The book of Ruth, nestled in the Old Testament between Judges and 1 Samuel, is a short, four-chapter narrative that bundles the human experience of loss, love, and legacy with the divine hope and sovereignty of a redeeming God. From its pages steps a wayfaring foreigner into the town of Bethlehem, amidst hardship and famine and tragedy, affecting the course of human history forever.
A widow turned wife, a servant turned heir, a childless foreigner turned mother, she was born in Moab but found her home in Israel. Ruth. The name that chimes a thousand redeeming notes for every woman who has ever been devastated by loss, struggled as a stranger, lived with the bitter, longed to be loved, fought for crumbs, or wept along the journey. She is an emblem of grace for every flawed and ailing sinner who has lived in her wake, not because of her own nobility but because of the One under whose wings she came to trust—the God of Israel.

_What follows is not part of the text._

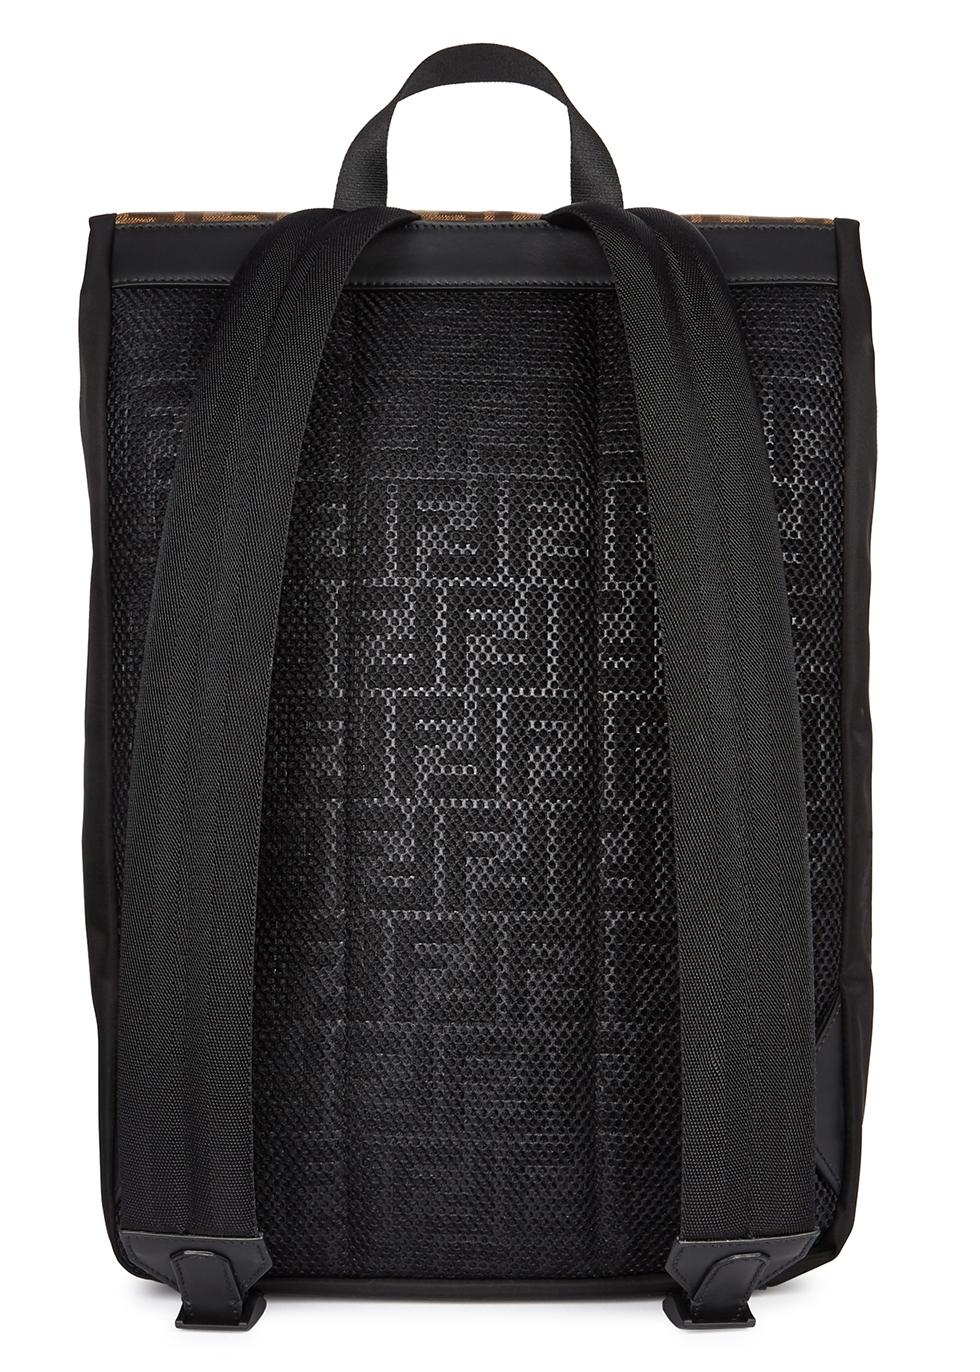 8f66c337a6f6 Fendi FF monogrammed nylon backpack - Harvey Nichols

Ruth’s story runs the gamut of human experience, inviting us to engage with God about our own stories. Despite heartbreak and trial, she is an accessible image of integrity, kindness, purity, commitment, faith, and hard work as a marginalized outsider and vulnerable widow. She is godliness with its sleeves rolled up. Perhaps most impressive, she is a committed God-fearer despite profound loss and with a mother-in-law who changed her name to Mara, which incidentally means “bitter.” (I think this means they weren’t baking a lot of cookies together. Or sharing sweaters.)
When I first wrote about Ruth and the book that bears her name, I was in my early thirties, single, and exiting not the land of Moab but the music industry, so kind of the same. It was a time in life when I particularly related to Ruth’s aloneness, feeling like an outsider, longing for that one person to choose me. I wrestled with her resolve to follow God when by all accounts it appeared He had let her down, or at the very least let down the mother-in-law she lived with. As I write today, I am still single though not unhappy. I have found God enduringly faithful even when I don’t understand Him. And when I think of the book of Ruth, I don’t only think of Ruth, Boaz, or Naomi but the redemption of Jesus Christ under whose wings each of us, no matter our past, is invited to take refuge.
It is one of my prayers that this study results in you loving Jesus more deeply. The whole book yearns forward toward Him. You are not alone. Ruth and her God await you.